(Prompt) Leaving out the pictures, output the lines from the one that contains "místní pokrm Pad Thai // local dish Pad Thai" through the end of the material, exactly as they stand.

(Data)
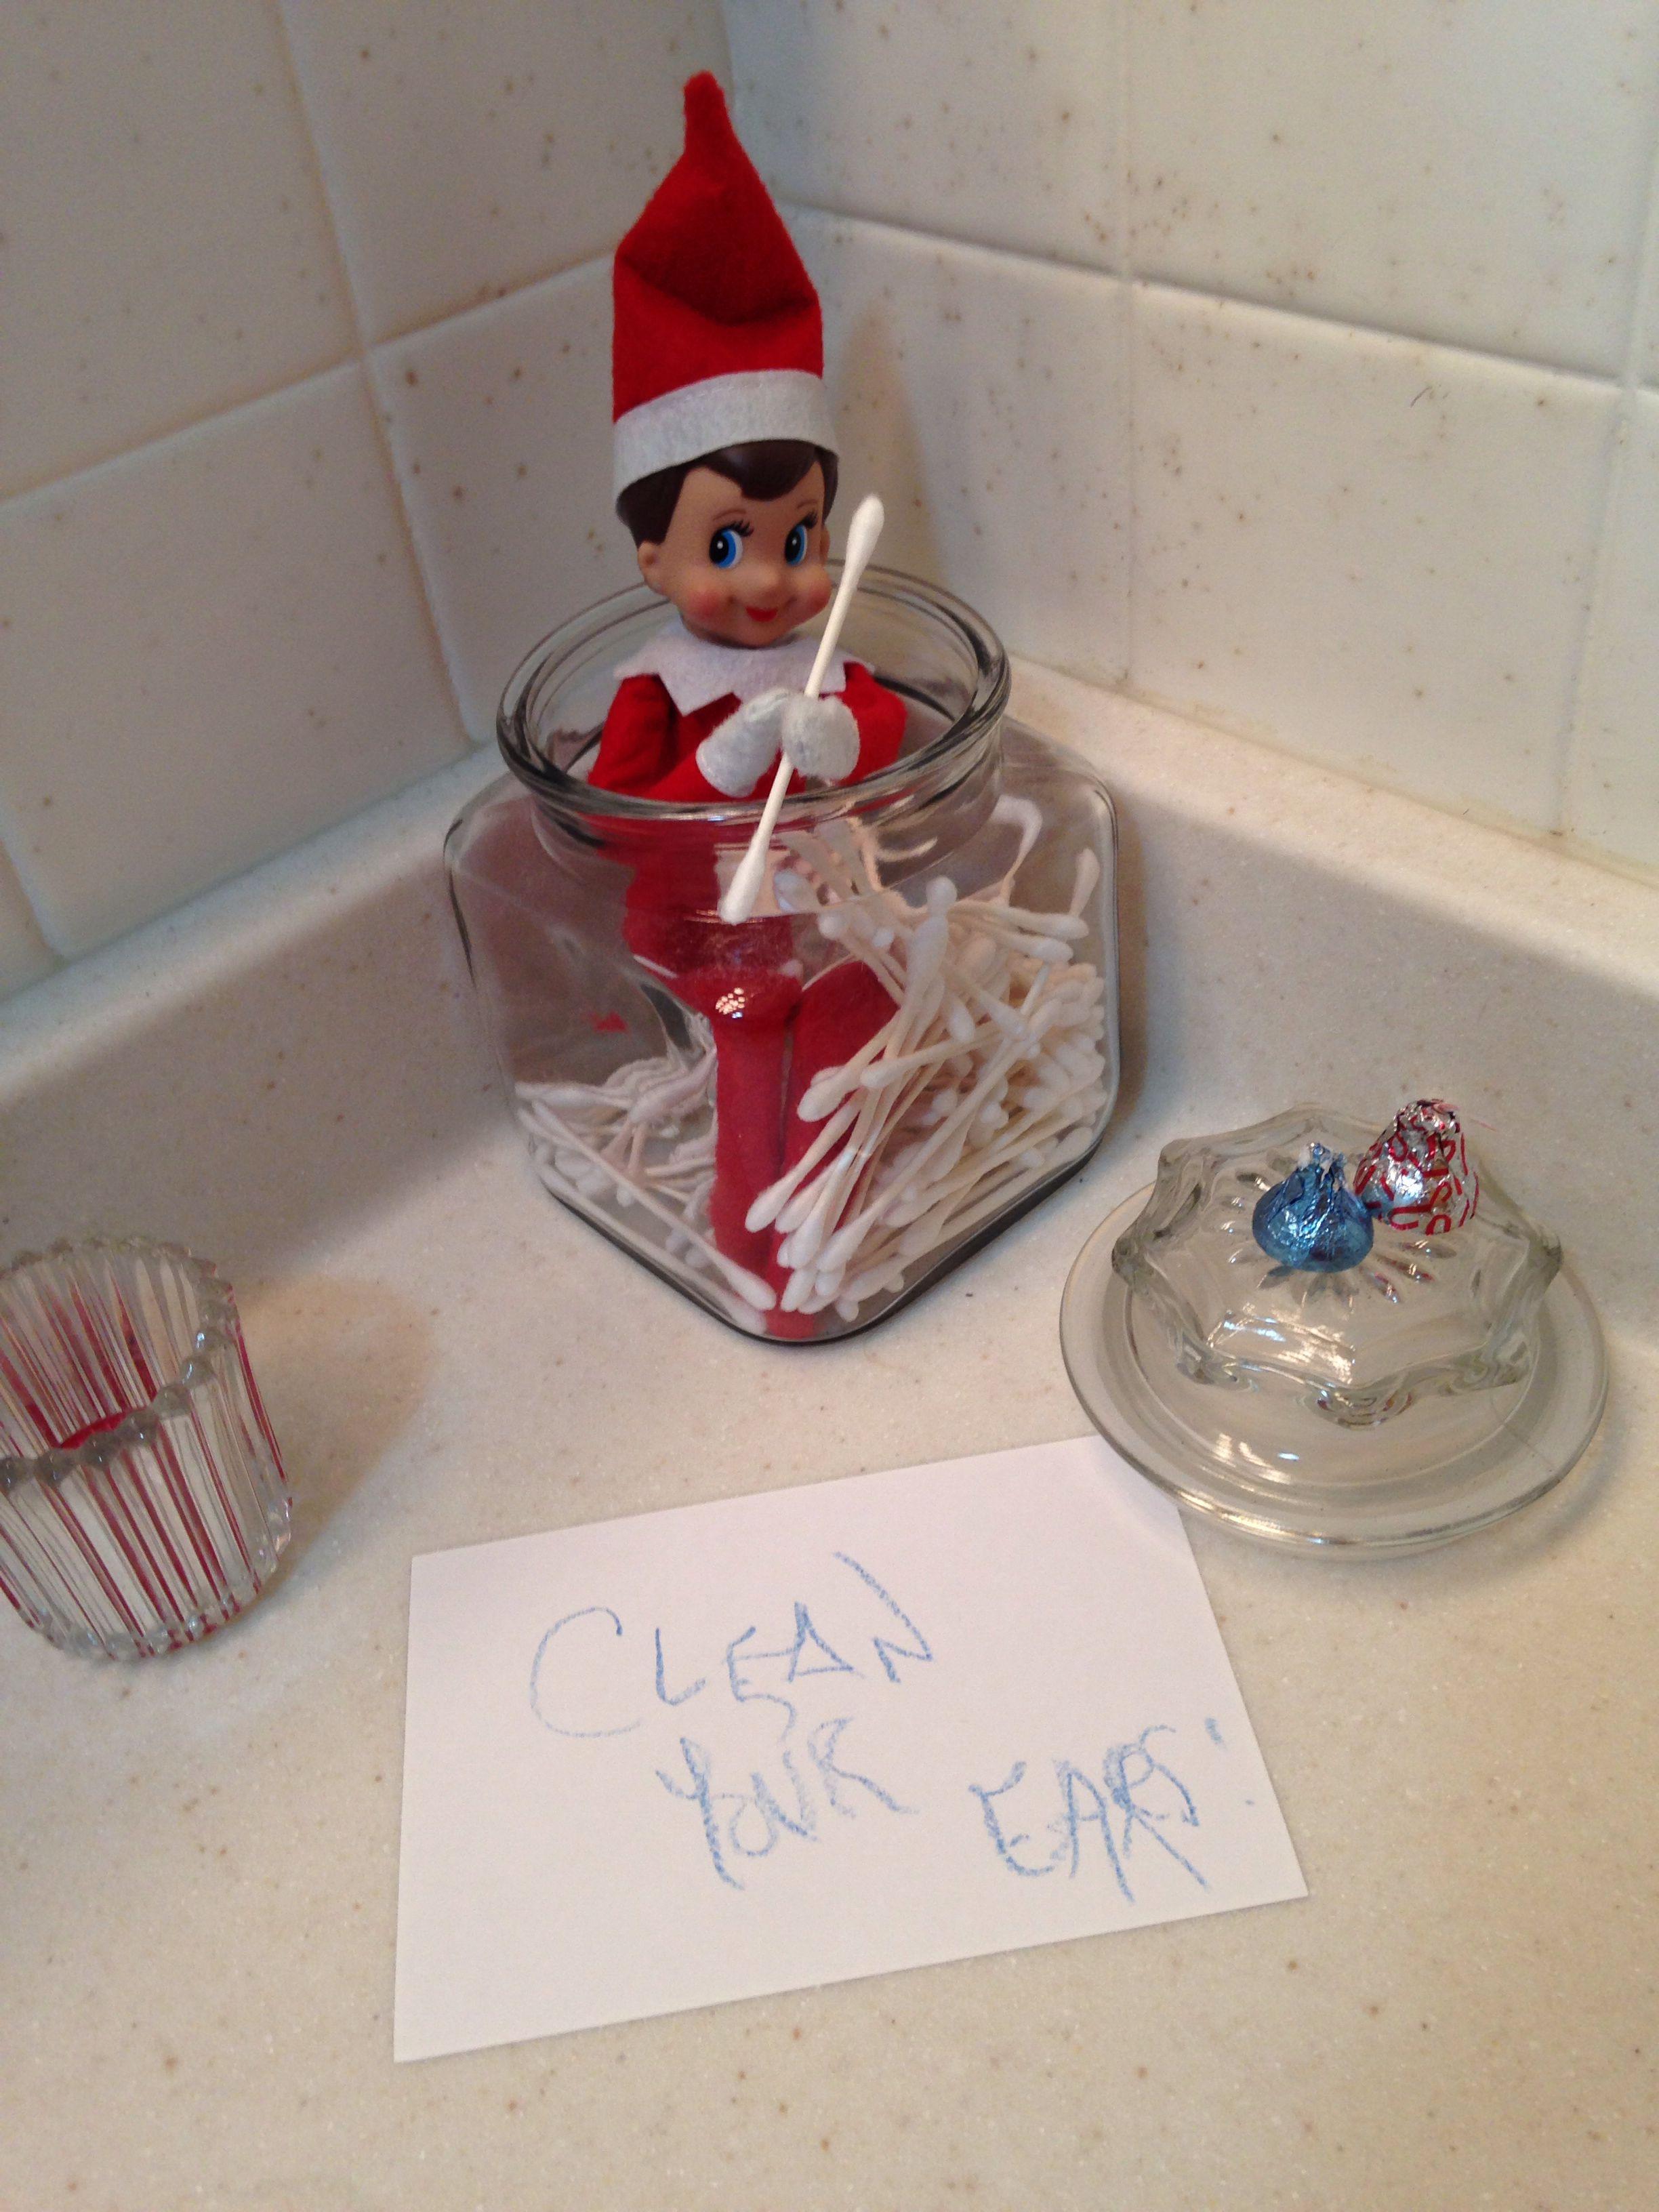 Elf Clean your ears Elf fun, Elf, Christmas entryway
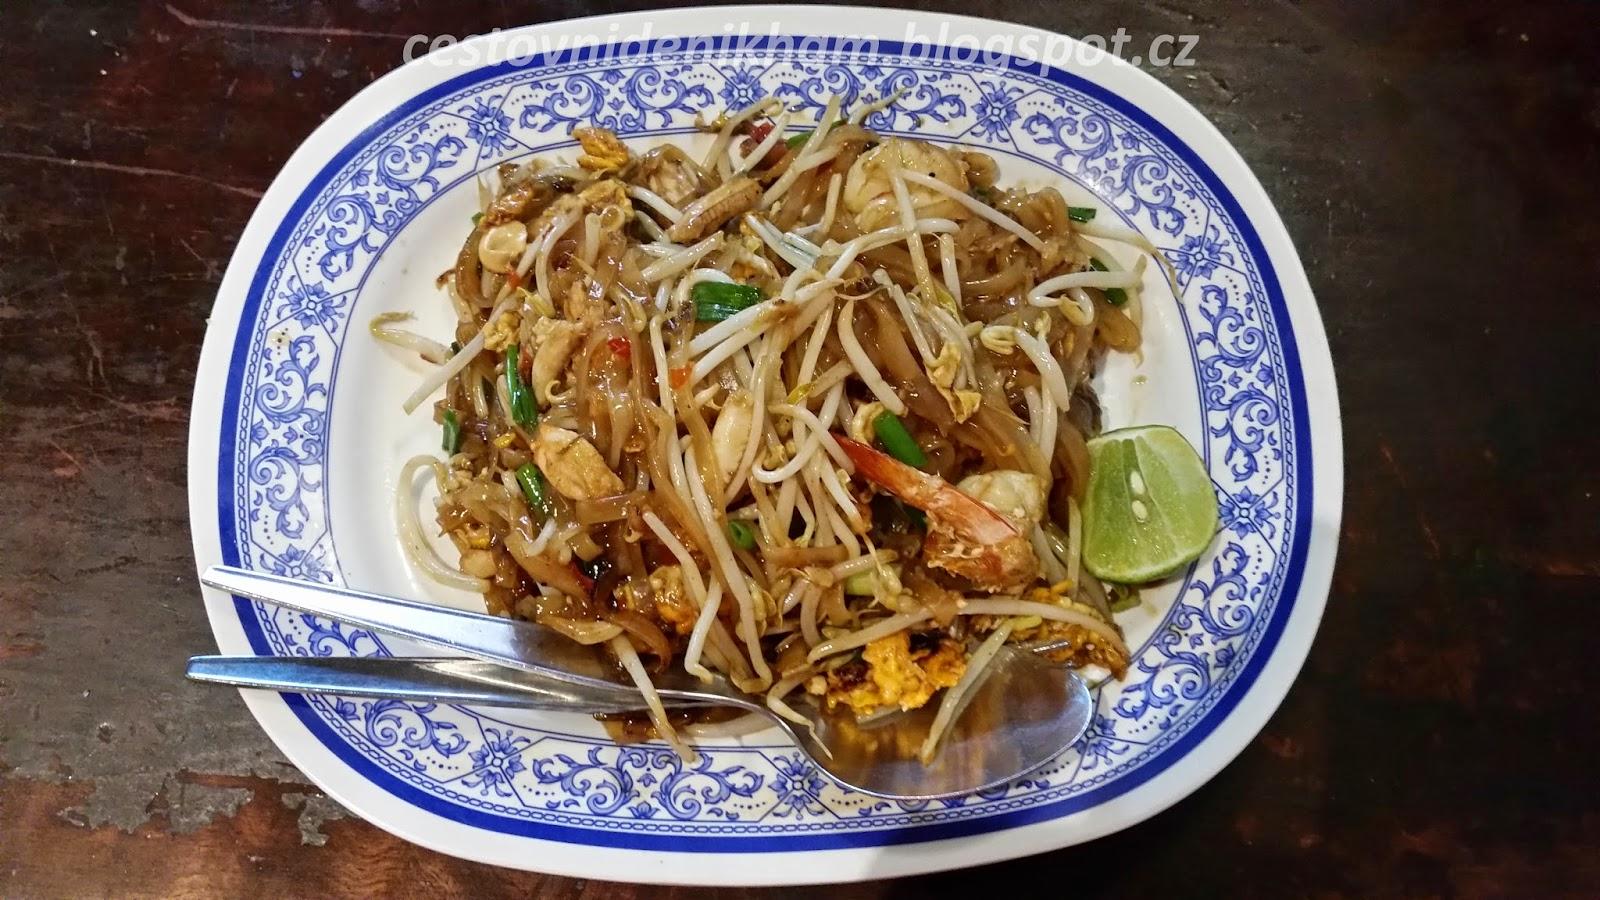 místní pokrm Pad Thai // local dish Pad Thai
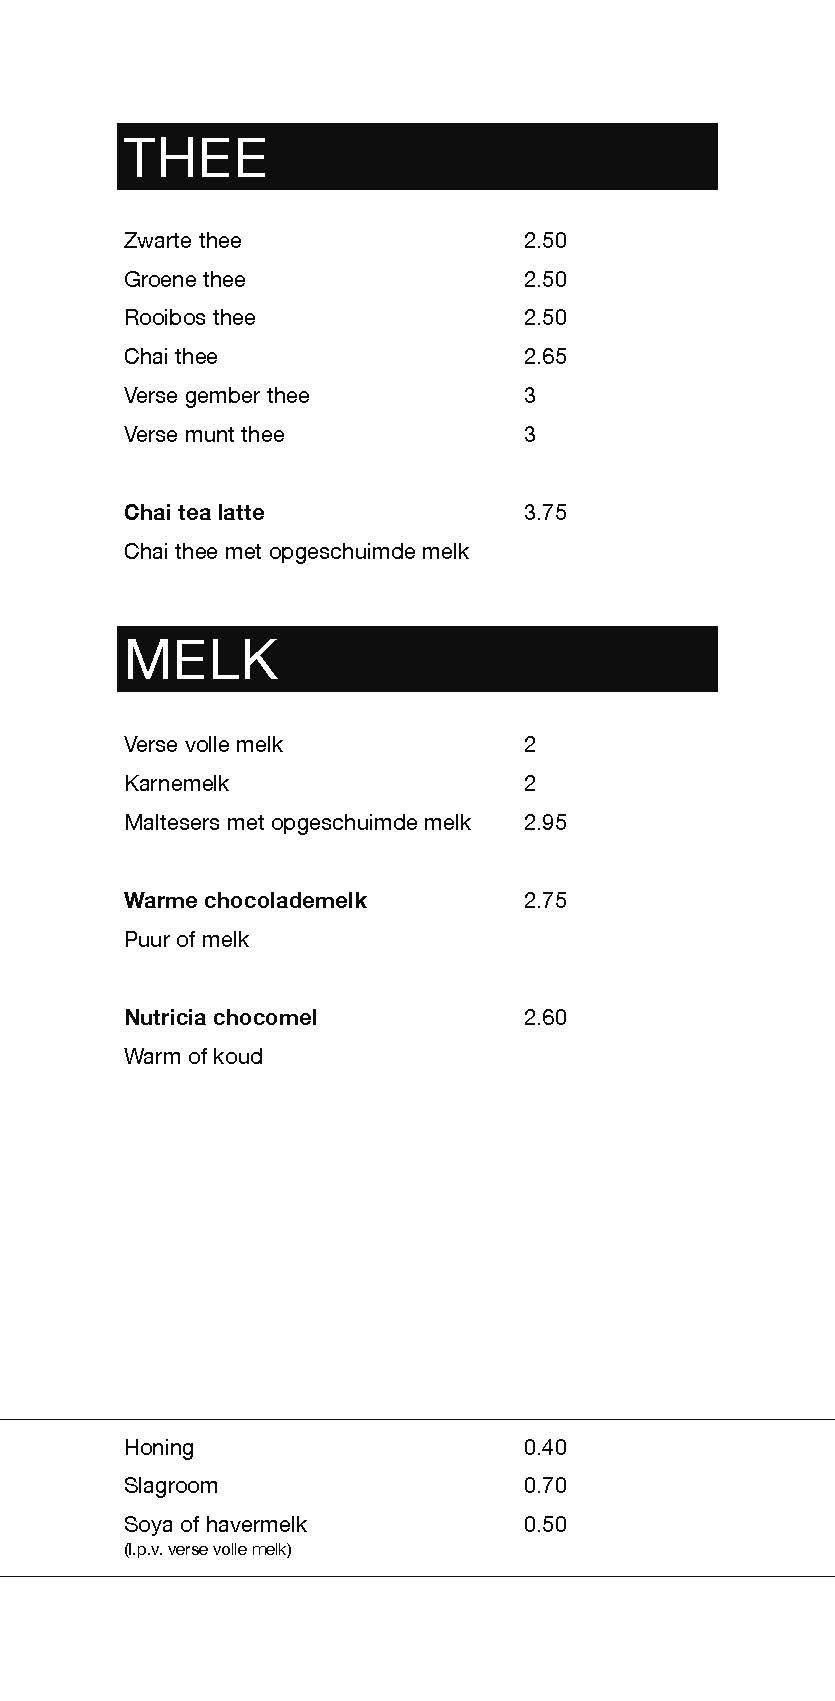 menukaart 2020 drukgereed losse pagines_Pagina_3
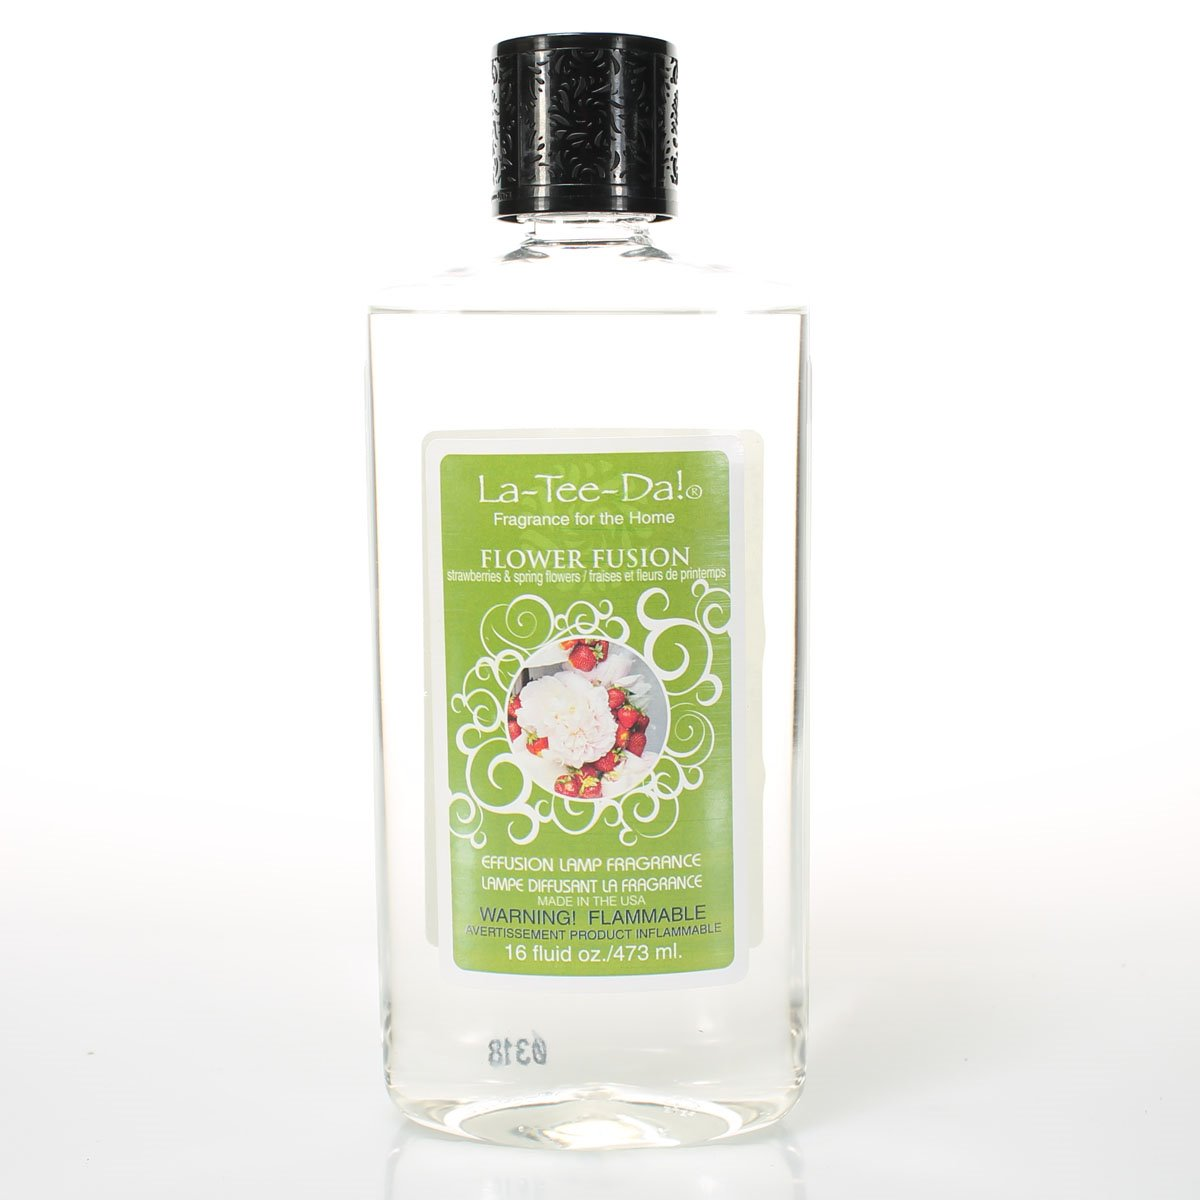 La Tee Da Fuel Fragrance Flower Fusion (16 oz.)

(Completed exercise)
 místní pokrm Pad Thai // local dish Pad Thai
 menukaart 2020 drukgereed losse pagines_Pagina_3
 La Tee Da Fuel Fragrance Flower Fusion (16 oz.)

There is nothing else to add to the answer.